Tailored research is also useful as it can show where ESG progress is real or cosmetic. Instances of ‘green washing’ – where PR and marketing can suggest that a company’s ESG credentials are stronger than is the case – are not widespread, but are nonetheless something to look out for. Some companies are now issuing green bonds – which state that the proceeds raised will be used for green activities, such as the generation of renewable power. But a convenient label cannot replace bespoke bottom-up ESG analysis. We are also cautious about the financial attractiveness of some green bonds given that there is high demand and low supply. This is why we like to use our in-house team to search out other green opportunities that may not have the convenient ‘green’ label.

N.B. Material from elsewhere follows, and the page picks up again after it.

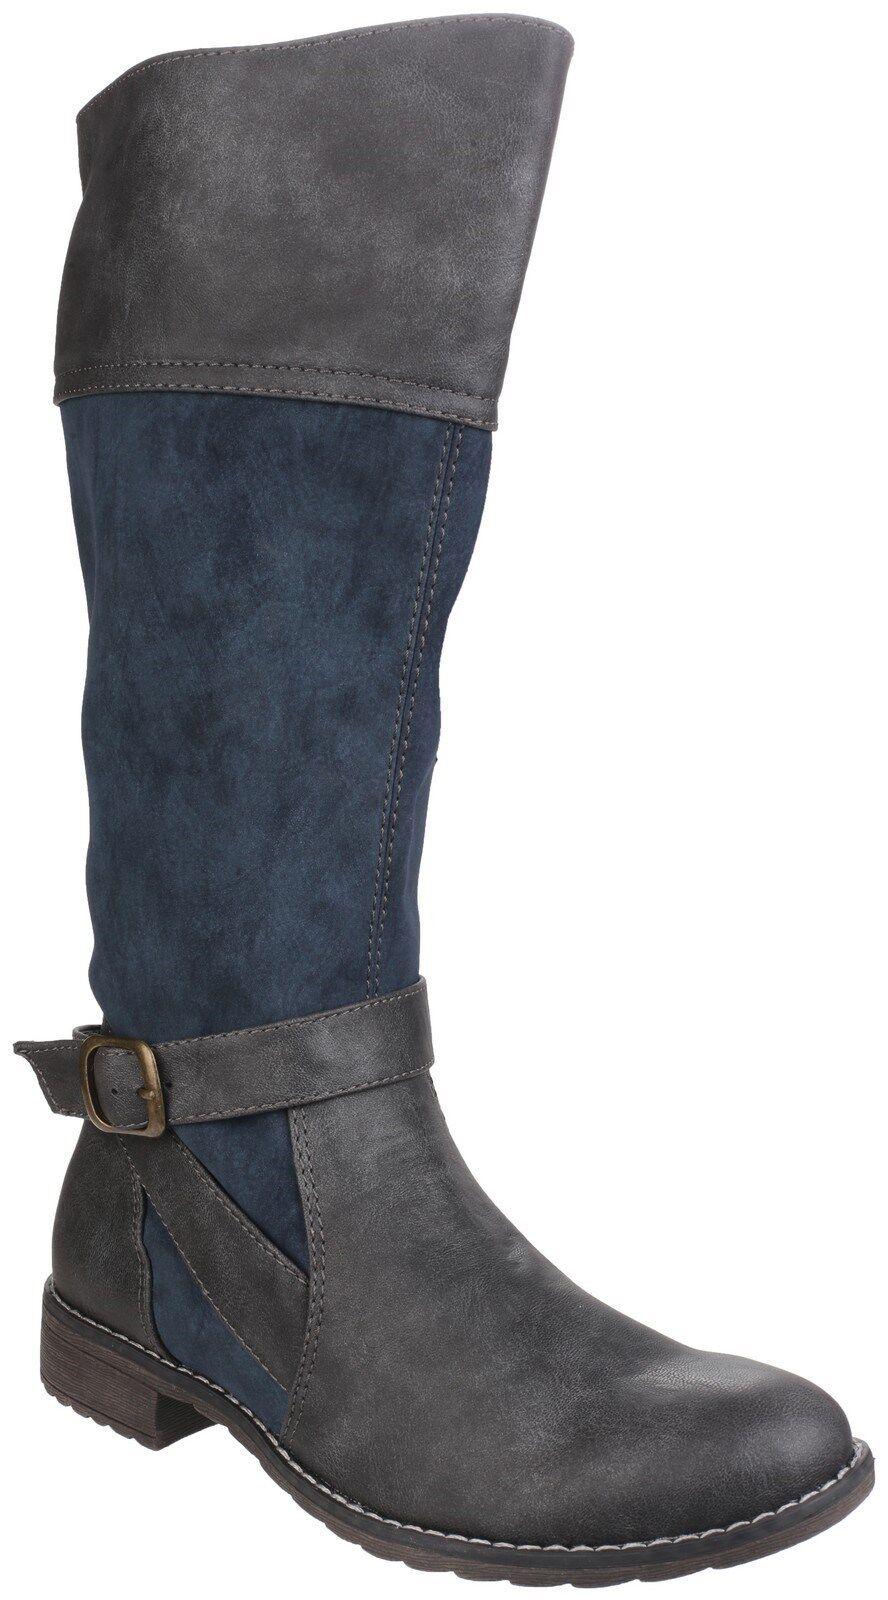 Divaz Garbo kniehoch Reißverschluss Damen zweifarbig Modische Stiefel Schuhe

ESG factors are still not universally looked at or talked about. Companies are generally offering more information and clarity – both on what they are currently doing and what their plans are for the future – but there is more to come. With increased client demand, both the Global Credit and Responsible Investment teams have grown in recent months, bringing in more expertise and offering more scope with collaboration.
“When I’m asked why we brought ESG analysis closer into the investment process, my answer is always the same: why wouldn’t you? I know there are managers who believe that ESG is just a ‘tree-hugging’ exercise, or that this is a fad, but I disagree. An oil company with lax health and safety protocols is more at risk of a spill that could cost billions of dollars in clean-up and fines. A retailer reliant on child labour could see demand for their products crash overnight.
As a bond investor, my upside is almost always less than the downside – if a company goes under we lose everything, but if a company does really well, we still only get the coupons and repayment of principal as promised. So looking for those risks that can really hurt a company makes a lot of sense to me.”